与我们之前基于 iBOT 在来自 TCGA(6k WSI)的 4000 万张组织学图像上预训练的基础模型 Phikon 相比,Phikon-v2 在各种为生物标志物发现量身定制的弱监督任务上表现更优。为避免与 PANCAN-XL 预训练数据集发生数据污染,Phikon-v2 在外部队列上进行评估,并与一系列表征学习和基础模型进行了基准对比。
🚀 快速开始
模型描述
- 开发者:Owkin, Inc
- 模型类型:预训练视觉骨干网络(通过 DINOv2 实现的 ViT-L/16)
- 预训练数据集:PANCAN-XL,源自公共组织学数据集(TCGA、CPTAC、GTEx、TCIA 等)
- 论文:Arxiv
- 许可证:Owkin 非商业许可证
如何使用(特征提取)
以下代码片段展示了如何使用 Phikon-v2(CLS 标记)从组织学图像中提取特征。这些特征可用于下游应用,如感兴趣区域(ROI)分类(通过线性或 KNN 探测)、切片分类(通过多实例学习)、分割(例如通过 ViT-Adapter)等。
from PIL import Image
import torch
from transformers import AutoImageProcessor, AutoModel
# Load an image
image = Image.open(
requests.get(
"https://github.com/owkin/HistoSSLscaling/blob/main/assets/example.tif?raw=true",
stream=True
).raw
)
# Load phikon-v2
processor = AutoImageProcessor.from_pretrained("owkin/phikon-v2")
model = AutoModel.from_pretrained("owkin/phikon-v2")
model.eval()
# Process the image
inputs = processor(image, return_tensors="pt")
# Get the features
with torch.inference_mode():
outputs = model(**inputs)
features = outputs.last_hidden_state[:, 0, :] # (1, 1024) shape
assert features.shape == (1, 1024)
直接使用(使用预提取和冻结的特征)
Phikon-v2 可以在不同的下游应用中进行微调或不进行微调使用。例如,可以使用多实例学习算法(如 ABMIL)进行切片分类。
下游使用(微调)
你可以在切片级别的下游任务上微调该模型。这个 Colab 笔记本 允许你通过 Hugging Face API 使用 LoRA 微调 Phikon 和 Phikon-v2。
✨ 主要特性
- 强大的特征提取能力:基于 Vision Transformer 架构和 Dinov2 自监督方法,能够从组织学图像中提取高质量特征。
- 广泛的数据集支持:在大规模的 PANCAN-XL 数据集上预训练,该数据集整合了多个公开可用的组织学数据集。

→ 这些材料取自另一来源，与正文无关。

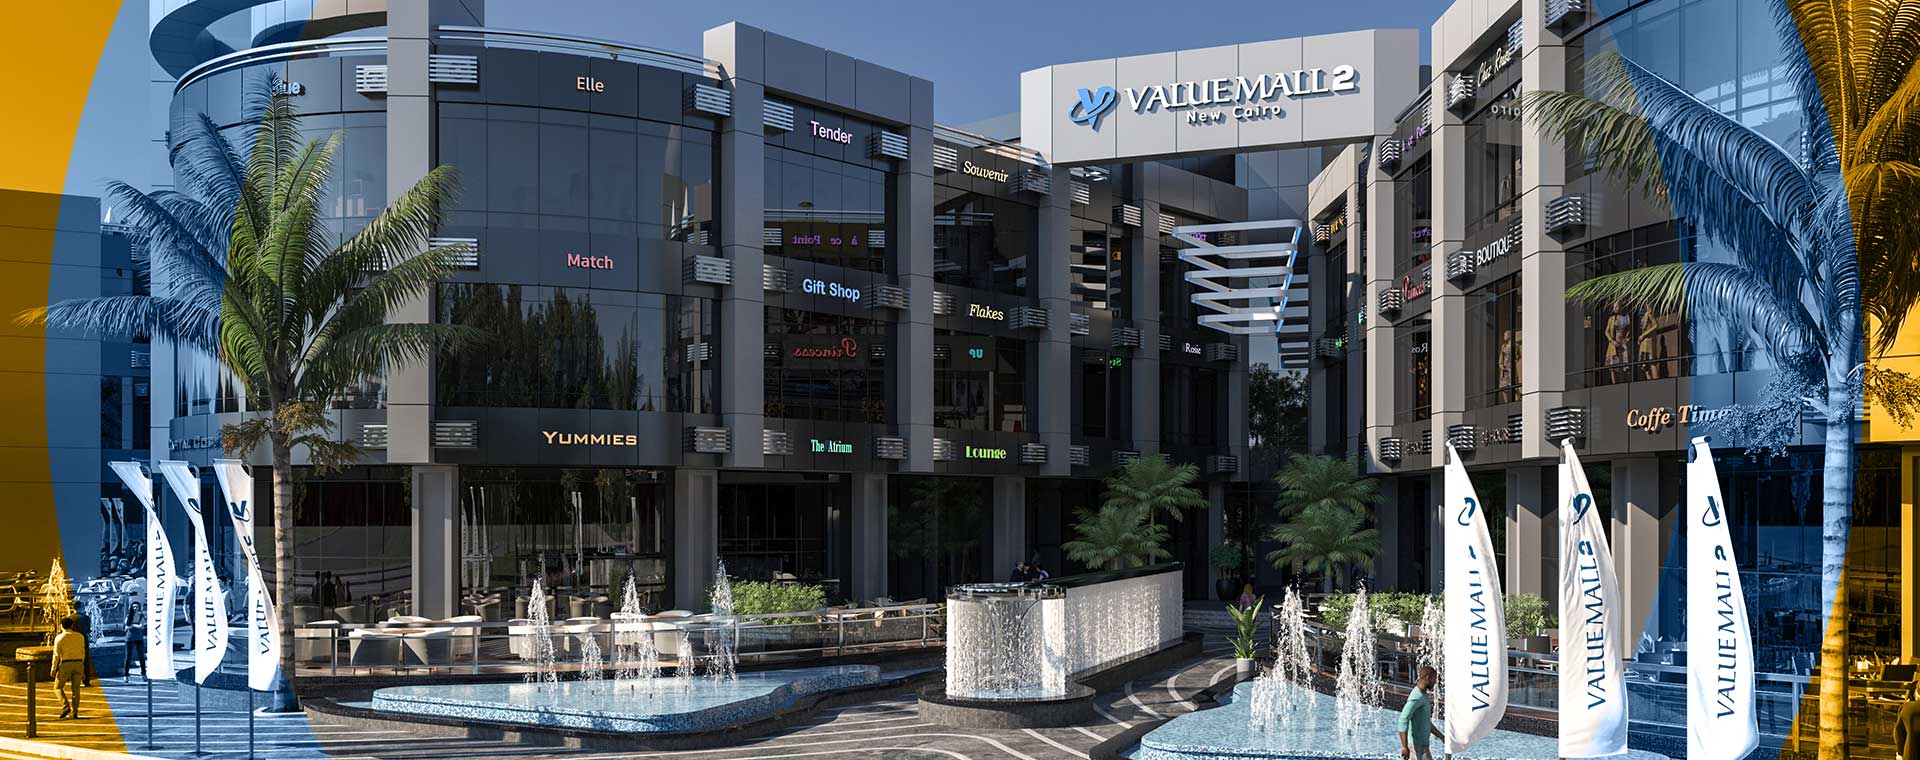 Details About Sale Of a Shop Starting From 55m²​​​​​​​ in Value Mall 2

- 优秀的下游任务表现:在各种弱监督任务上优于之前的模型,适用于生物标志物发现等应用。
📦 安装指南
软件依赖
Python 包
- torch>==2.0.0:https://pytorch.org
- torchvision>=0.15.0:https://pytorch.org/vision/stable/index.html
- xformers>=0.0.18:https://github.com/facebookresearch/xformers
代码仓库
- DINOv2(自监督学习):https://github.com/facebookresearch/dinov2
💻 使用示例
基础用法
from PIL import Image
import torch
from transformers import AutoImageProcessor, AutoModel
# Load an image
image = Image.open(
requests.get(
"https://github.com/owkin/HistoSSLscaling/blob/main/assets/example.tif?raw=true",
stream=True
).raw
)
# Load phikon-v2
processor = AutoImageProcessor.from_pretrained("owkin/phikon-v2")
model = AutoModel.from_pretrained("owkin/phikon-v2")
model.eval()
# Process the image
inputs = processor(image, return_tensors="pt")
# Get the features
with torch.inference_mode():
outputs = model(**inputs)
features = outputs.last_hidden_state[:, 0, :] # (1, 1024) shape
assert features.shape == (1, 1024)
高级用法
你可以使用 这个 Colab 笔记本 通过 Hugging Face API 使用 LoRA 微调 Phikon 和 Phikon-v2。
📚 详细文档
训练详情
- 训练数据:PANCAN-XL,一个由 4.56 亿张 [224×224]、20 倍分辨率的组织学图像组成的预训练数据集,这些图像从 6 万张 H&E WSI 中采样得到。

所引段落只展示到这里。